Are there any non-backward compatible changes between 2.0 beta and code in the
trunk? Because my config that works fine in 2b can't manage to successfully
log in to the website with the trunk version.
If you would like to refer to this comment somewhere else in this project, copy and paste the following link:
Well, unrelated to my login problem, but the database tag seems to be broken
in the trunk. From what I can see, the value from the database processor is
never returned to the parent processor (set/def for instance), because when
CommonUtil.createVariable is called in BodyProcessor.execute() to create a
variable from the tag body's execution, that method checks if that variable is
empty first, and DbRowVariable seem to always be "empty". This is because
DbRowVariable's isEmpty() method is inherited from NodeVariable, and so it
checks NodeVariable's own "data" member variable, which is always null is the
case of a DbRowVariable (!) because that class redefines (?) the data member
as an object array (Java allows this?). Weird behavior there.

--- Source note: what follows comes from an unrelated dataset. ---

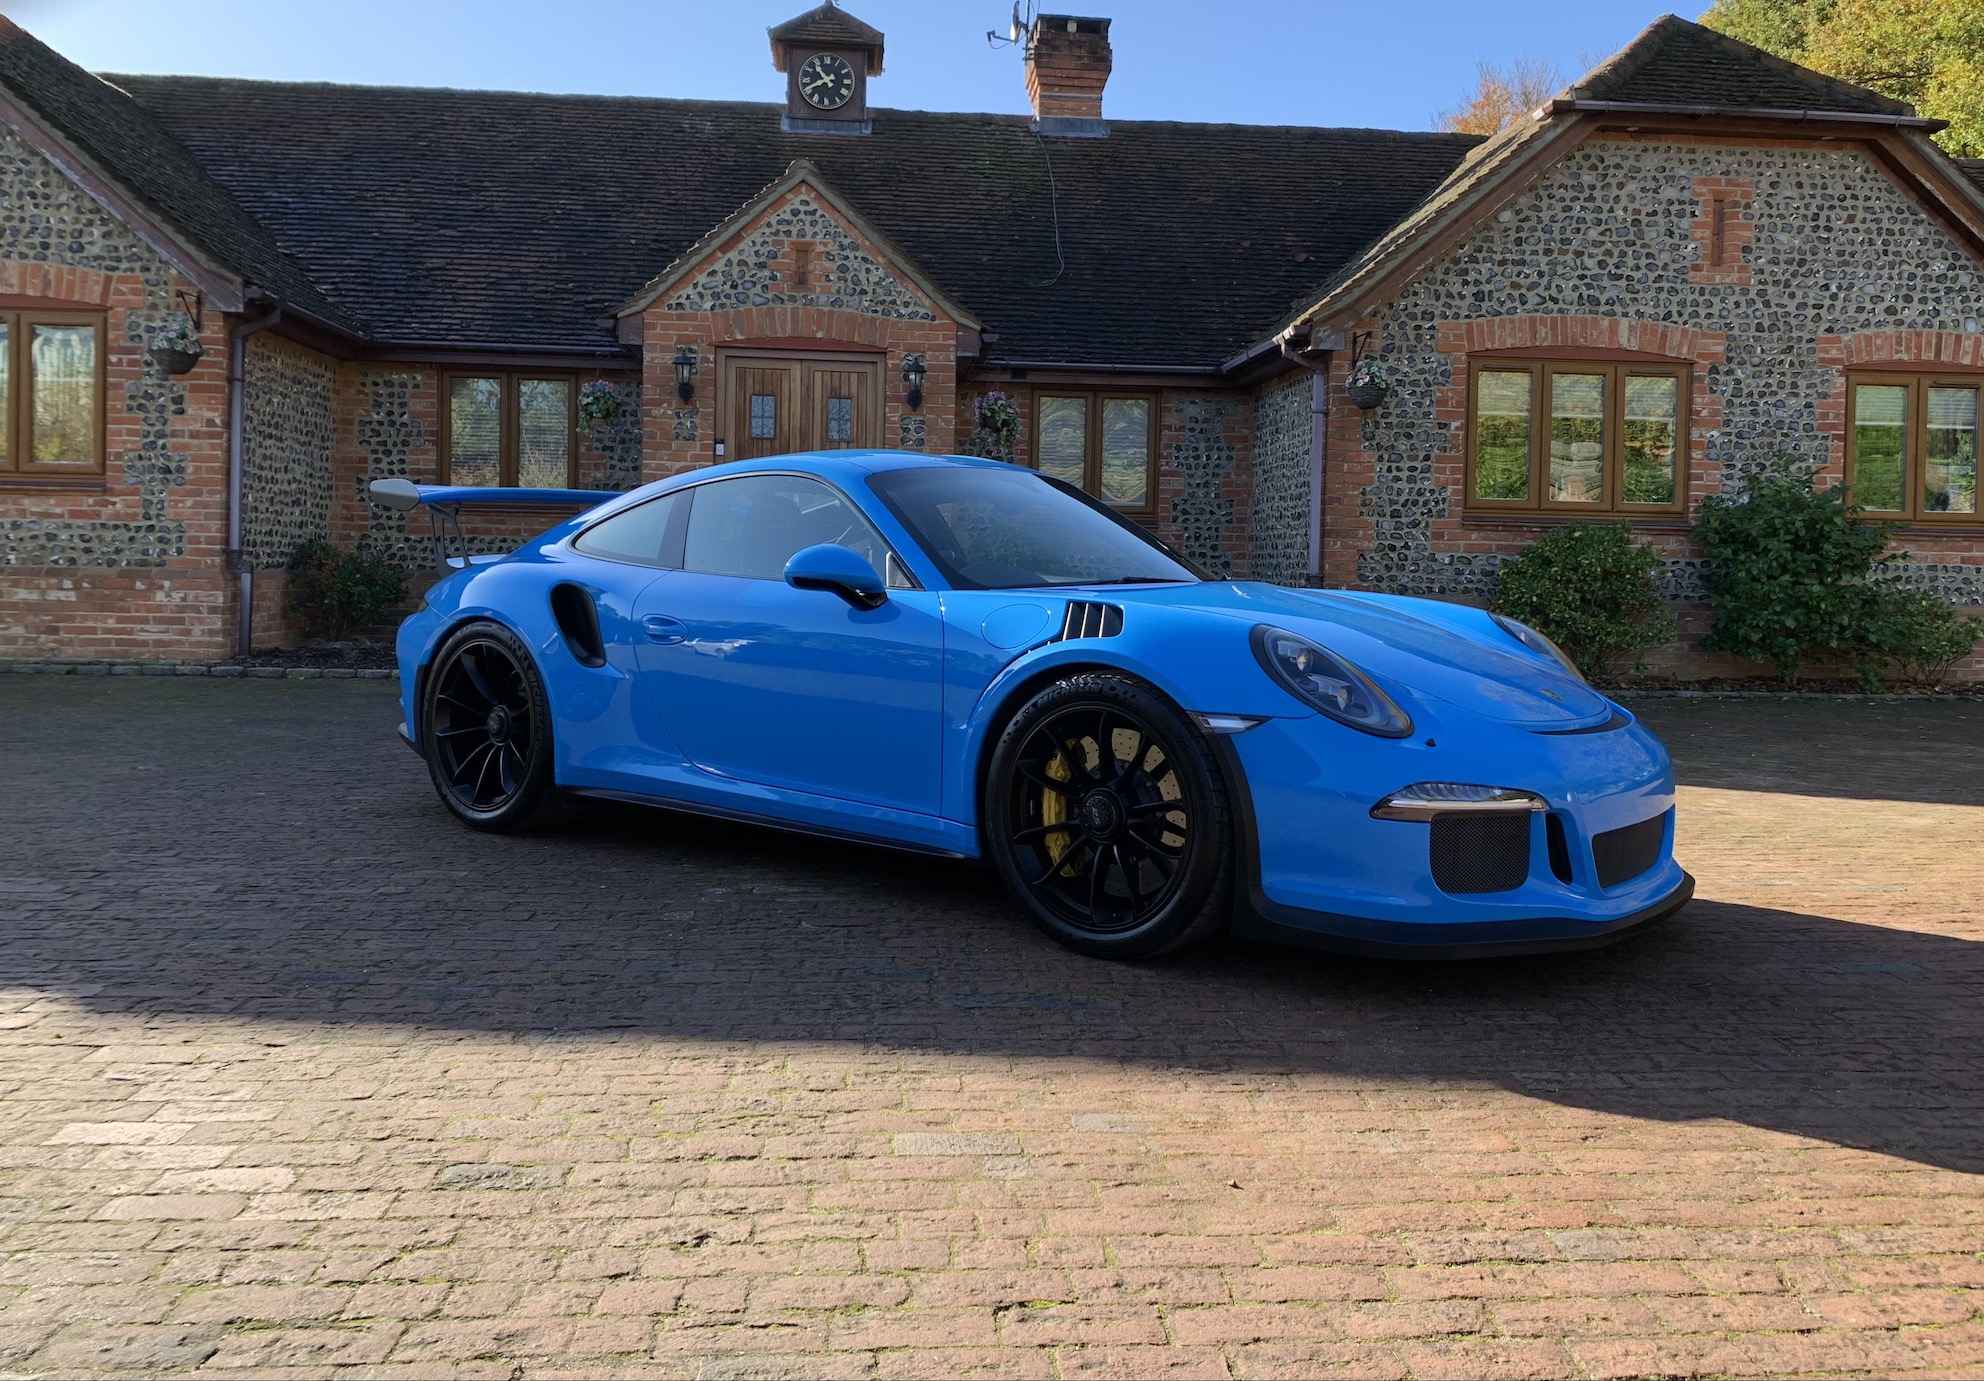 Porsche 991 GT3 RS Riviera Blue for sale with Redline Engineering UK

Anyway, this used to work because, from the SVN log, it looks like
NodeVariable.isEmpty() used to also check if the toString() method returned an
empty string, which DbRowVariable.toString() does not. That condition was
removed though, so now database processors always return an EmptyVariable.
...Unless I'm doing something wrong.
If you would like to refer to this comment somewhere else in this project, copy and paste the following link:
Actually, it does make sense that Java allows DbRowVariable to have a member
called data, since NodeVariable.data is private, so the child class has no
visibility on it. That's not really the issue anyway. I guess the best
solution would be for DbRowVariable to implement its own isEmpty() method?

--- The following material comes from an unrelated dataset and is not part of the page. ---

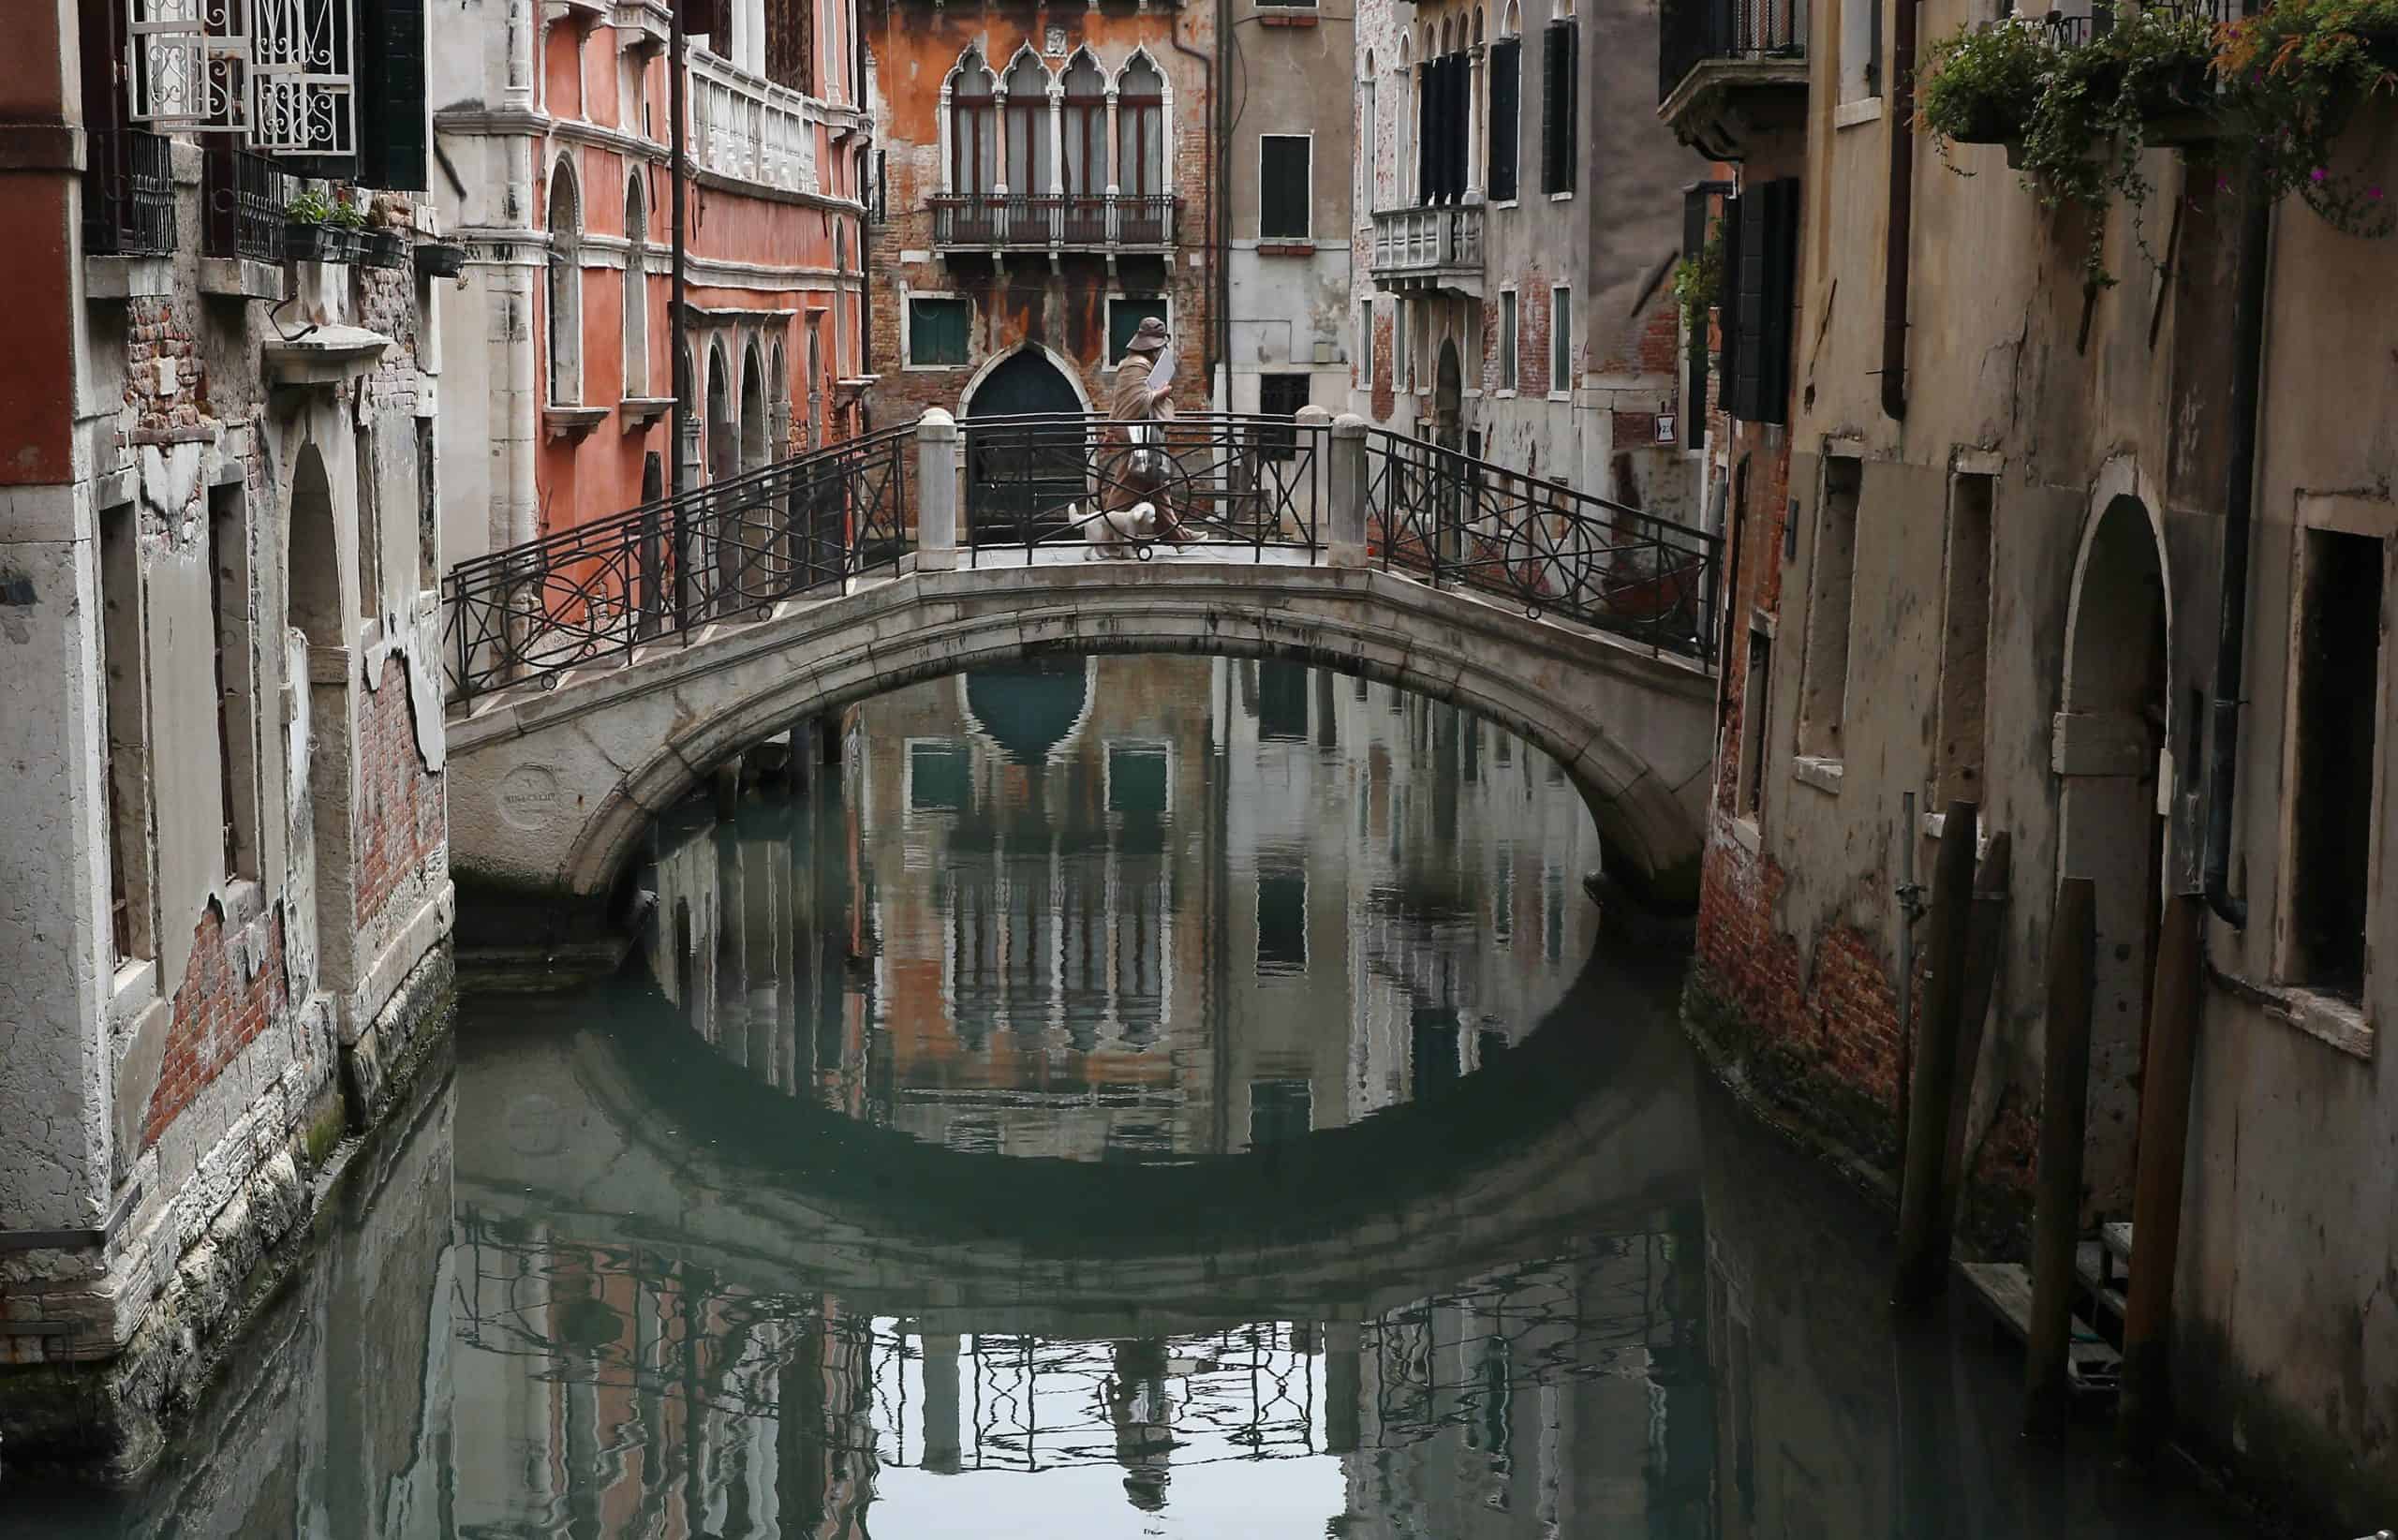 Venice views lockdown as chance to reimagine future

If you would like to refer to this comment somewhere else in this project, copy and paste the following link:
I found out why my login wasn't working. There are indeed changes in the way
the http processor works that can affect scripts that worked in 2.0 beta.
First is that this processor now supports a followRedirects attribute that, as
the name implies, determines if Web Harvest should follow redirection requests
returned from the website. In 2.0, this behavior was automatic and
redirections would always be followed. In the trunk (2.1?), if the new
attribute is not specified, the default behavior is to not follow
redirections, which seems a bit counter-intuitive to me. It seems like in most
cases you'd want redirections to be followed, while not following them would
be the exception?
But anyway, adding that attribute fixed my login issue, but then I would be
logged out on the next request. It seemed like a cookie issue, so looking
through the code, I found a new section in HttpClientManager.execute() that
sets the expiry date of cookies that didn't have an expiry date to the current
date, apparently to avoid an issue with HttpClient 3.1. I don't know about
this issue, but I didn't have any problem with the previous version, while now
my cookies are not working in a few of the sites I'm trying to crawl, and
commenting out that section solves it so... I don't know, maybe making this
"fix" optional with another attribute would be a good idea?
If you would like to refer to this comment somewhere else in this project, copy and paste the following link:
I found another odd discrepancy between the two versions. Take the following
code for example:
<functionname="func"><script>boolean x = true;</script><callname="func2"/><case><ifcondition="${x}"><template>${x}</template></if></case></function><functionname="func2"><script>boolean x = false;</script></function><callname="func"/>
In version 2.0, the variable scopes of the two functions are independent; the
script variable assignment in func2 doesn't affect the variable with the same
name in func. In the trunk version though, func doesn't enter the if statement
because func2 can apparently change the value of its x variable. Is this
intentional?
If you would like to refer to this comment somewhere else in this project, copy and paste the following link:
I see that functions now also inherit variables from their parent scopes, i.e.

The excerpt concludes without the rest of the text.